Well, faithful Screengrab readers, we knew this day would come. When I first set myself the task of creating Summerfest '08 -- the season-long Screengrab movie festival of films with nothing in common except having the word "summer" in the title -- I knew it wouldn't be easy. I knew that, despite my humble goal of providing you with short, sassy reviews of movies just long enough to watch while your steaks were burning on the grill, I would eventually reach the dog days of August and, having suggested a movie every Wednesday for the last ten weeks, start running out of anything worth watching. With two weeks to go, Netflix can scarcely keep up with my bizarre demands, and while I'm doing my best to have this series go out with a bang, I'm afrad that by this point, I'm reduced to suggesting movies that are more or less the absolute dregs. And in terms of 1980s broad comedies, they don't come much dregsier than those movies with the following five words attached: 'a comedy featuring John Candy'. While the big man was an absolute ace on television (he was far and away our favorite part of SCTV) and could be a winning charmer in mainstream films (see Splash for evidence), his ability to pick good scripts was not honed to razor sharpness. This left us with a legacy, following his unfortunate demise, of very few characters like Johnny LaRue and Harry, the Guy with the Snake on His Face, and very many movies like Who's Harry Crumb?.

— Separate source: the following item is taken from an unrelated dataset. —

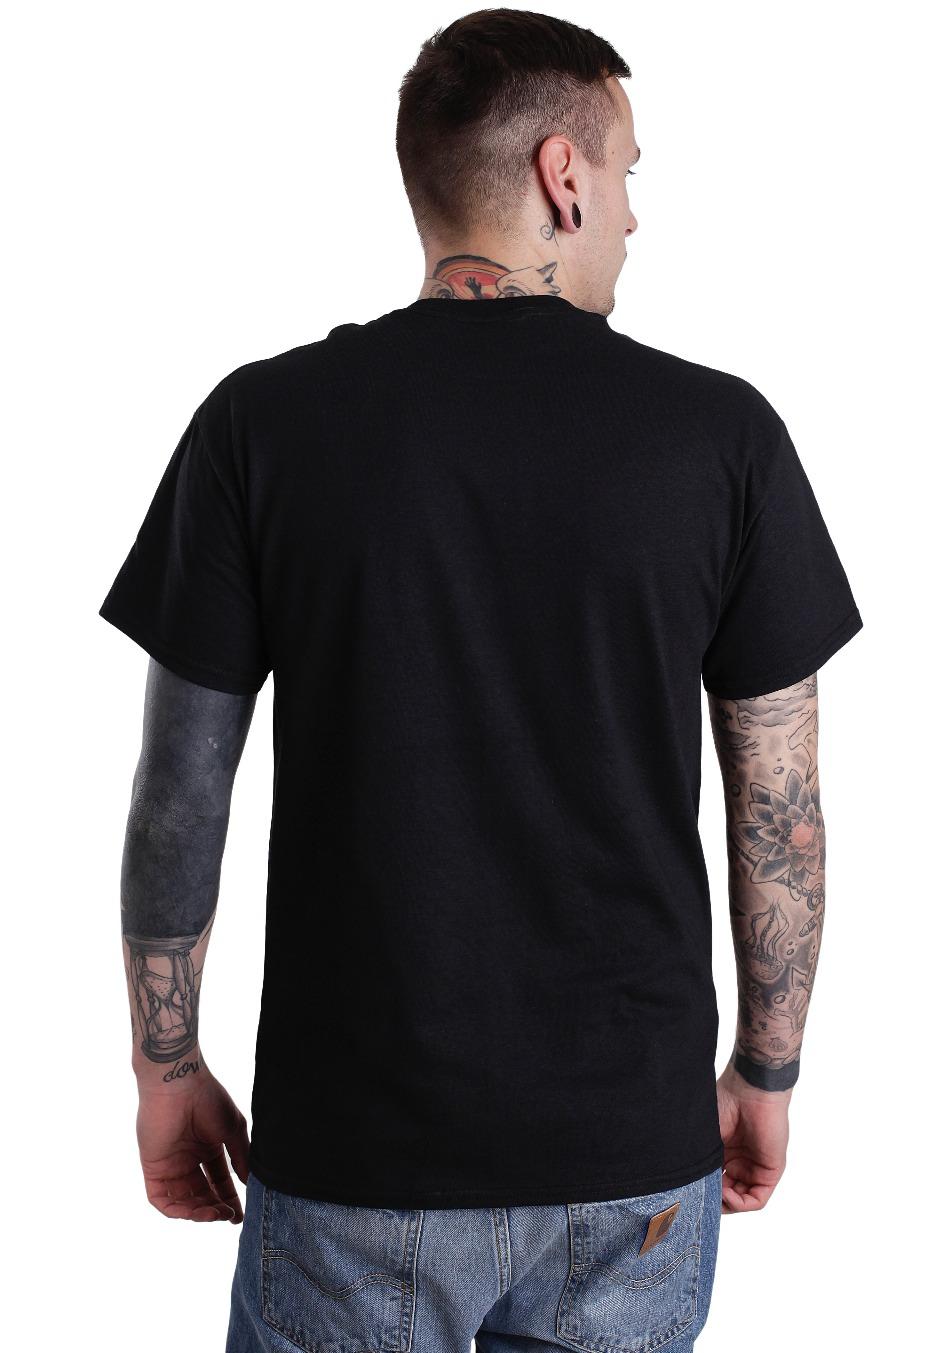 chelsea grin girl photo face t shirt official metalcore merchandise shop uk. Black Bedroom Furniture Sets. Home Design Ideas

But we made a commitment here, damn it, and this is no time to flag. The final days are upon us! So screw your courage to the sticking-place, don a boater and a decades-out-of-date swimming costume, and join me for Summer Rental!
THE ACTION: In a sure sign we are watching a movie from the 1980s, John Candy plays a burnt-out air traffic controller who is forced to take a summer vacation before he completely flips out and starts steering 747s into one another. In an additional sure sign we are watching a movie from the 1980s, the whole movie is essentially a collection of gags that weren't quite good enough for a Rodney Dangerfield movie. The plot, such as it is, involves Candy and his family arriving at a summer beach house which unfortunately has been rezoned as public property, forcing them to contend with rude passers-by at whom they make threatening gestures and Smurf jokes -- yet a third sign that we are watching a movie from the 1980s, since the Smurf jokes are delivered with no apparent irony. After about an hour of these aimless, plotless jokes, the movie takes a new turn, delivering a brand new set of aimless, plotless jokes, this time revolving around a pointless combat between Candy and an old sea salt who runs a boating company and wants to make Candy's life miserable for no particular reason. Will the two ever become friends? Will Candy's kids drive him crazy? Will this movie seem like it will never end, despite being only 88 minutes long? Only you can decide, by renting this spectacularly pointless relic from a bygone age.